Epiperipatus is the most diverse genus of neotropical velvet worms in the family Peripatidae. Species in this genus are found in Central and South America. Velvet worms in this genus can have as few as 23 pairs of legs (in E. hyperbolicus) or as many as 39 leg pairs (in E. titanicus).
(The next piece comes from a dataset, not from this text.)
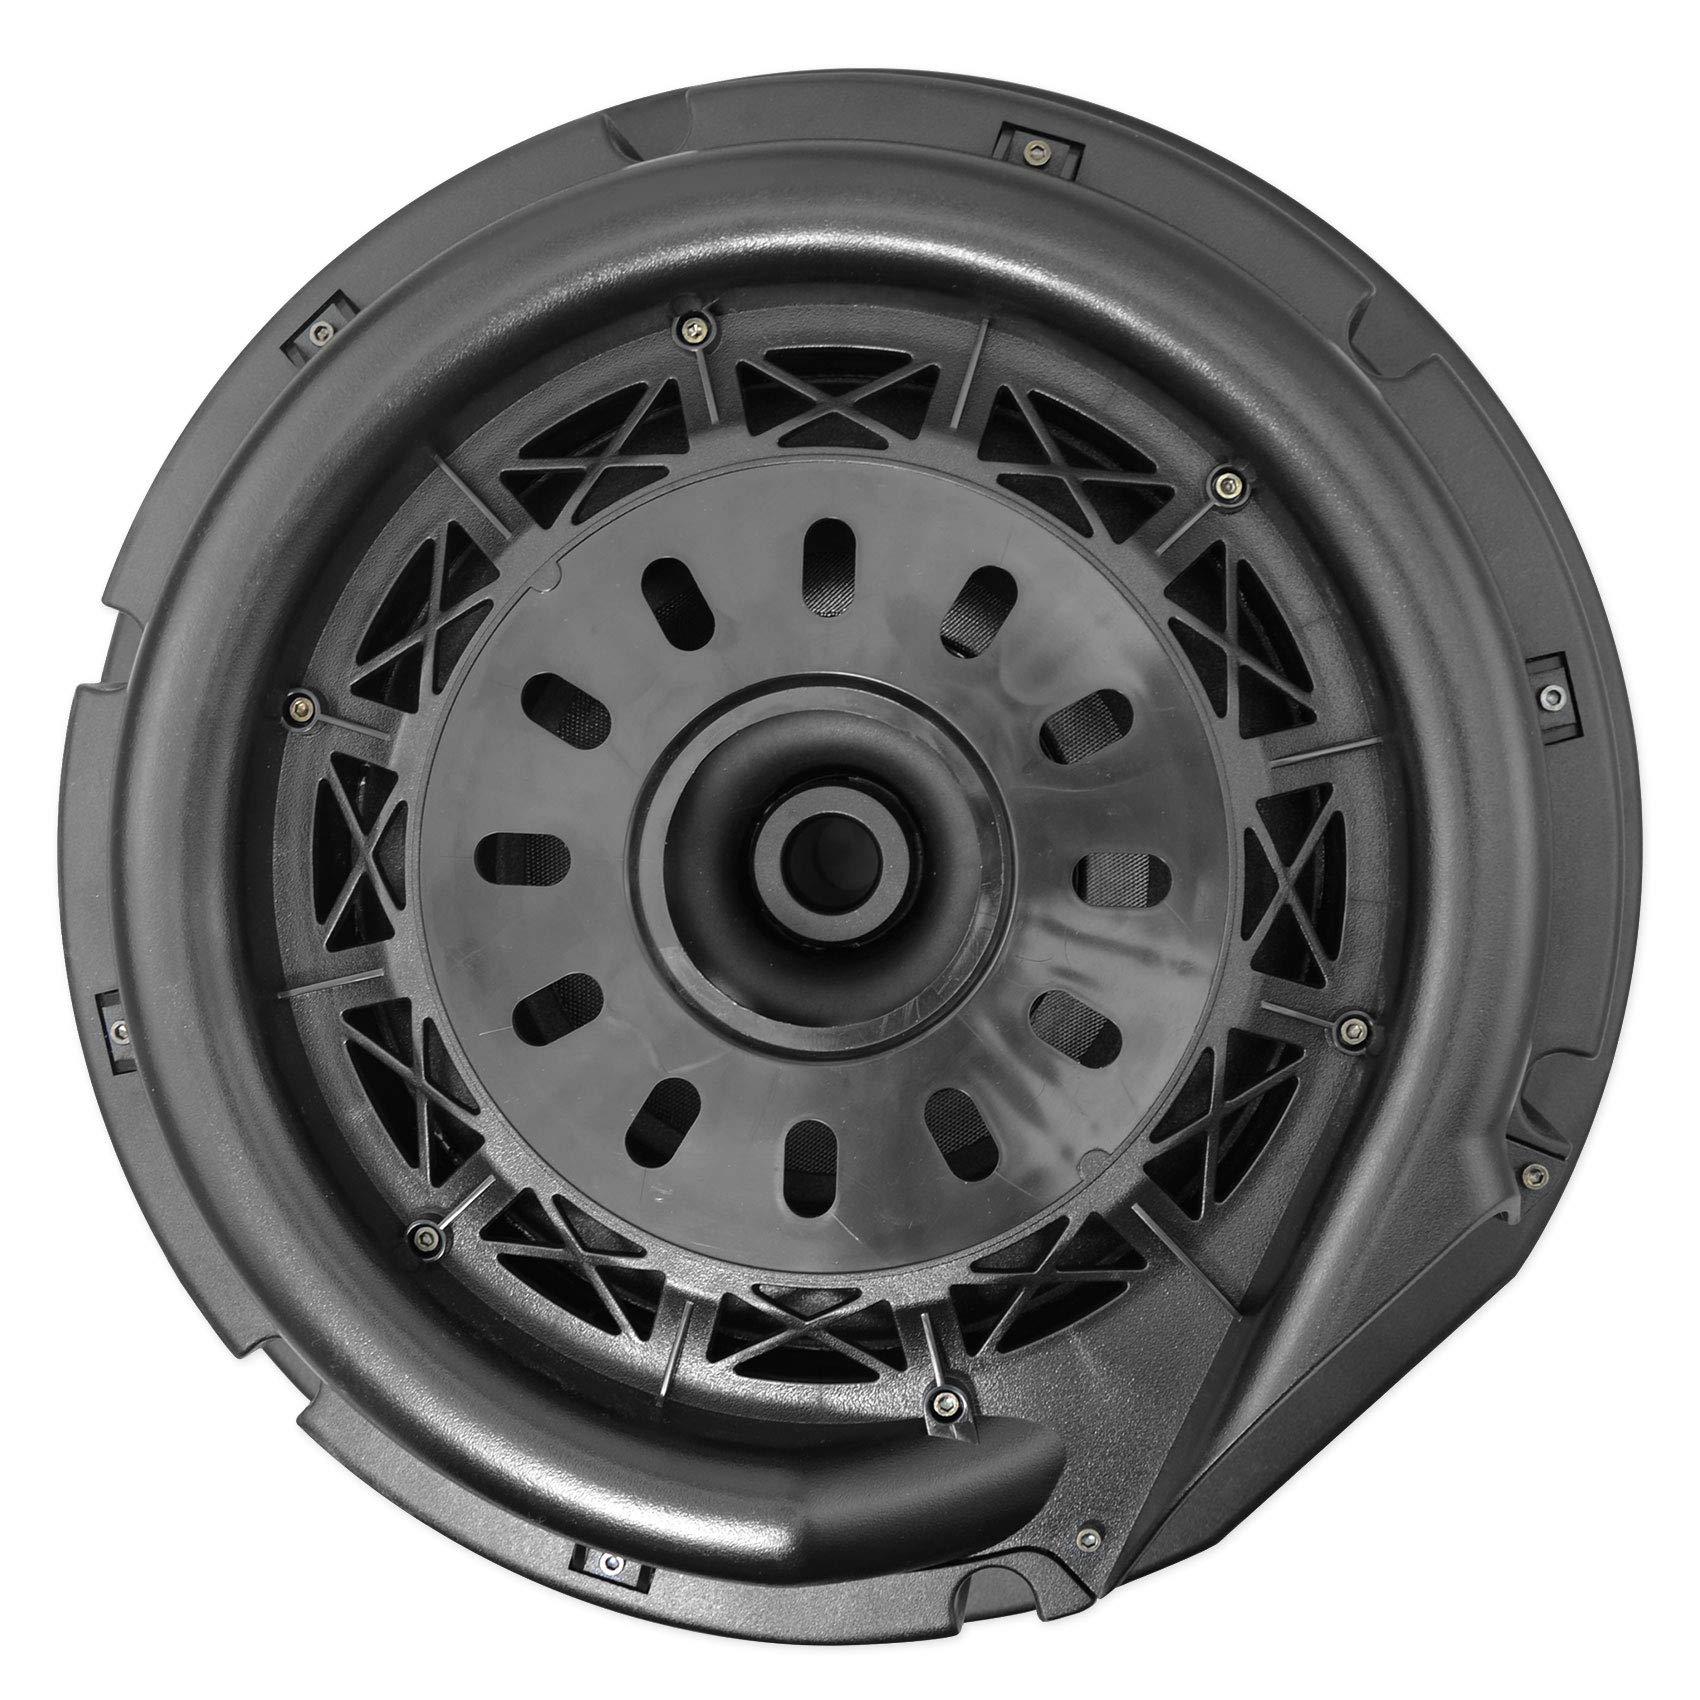 Bassface TWEETERSPL5C.2 200w 0.75 Inch 20mm Car Pure Silk Dome SQ Tweeters Pair

This genus is viviparous, with mothers supplying nourishment to their embryos through a placenta.

Species 
The genus contains the following thirty species:

 Epiperipatus acacioi (Marcus & Marcus, 1955)
 Epiperipatus adenocryptus Oliveira et al., 2011
 Epiperipatus barbadensis (Froehlich, 1962)
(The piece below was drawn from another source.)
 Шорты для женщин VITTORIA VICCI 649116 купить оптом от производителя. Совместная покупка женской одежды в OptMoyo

 Epiperipatus barbouri (Brues, 1911)
 Epiperipatus beckeri Costa, Chagas & Pinto-da-Rocha, 2018
 Epiperipatus bernali Costa & Giribet, 2021
 Epiperipatus betheli (Cockerell, 1913)
 Epiperipatus biolleyi (Bouvier, 1902)
 Epiperipatus brasiliensis (Bouvier, 1899)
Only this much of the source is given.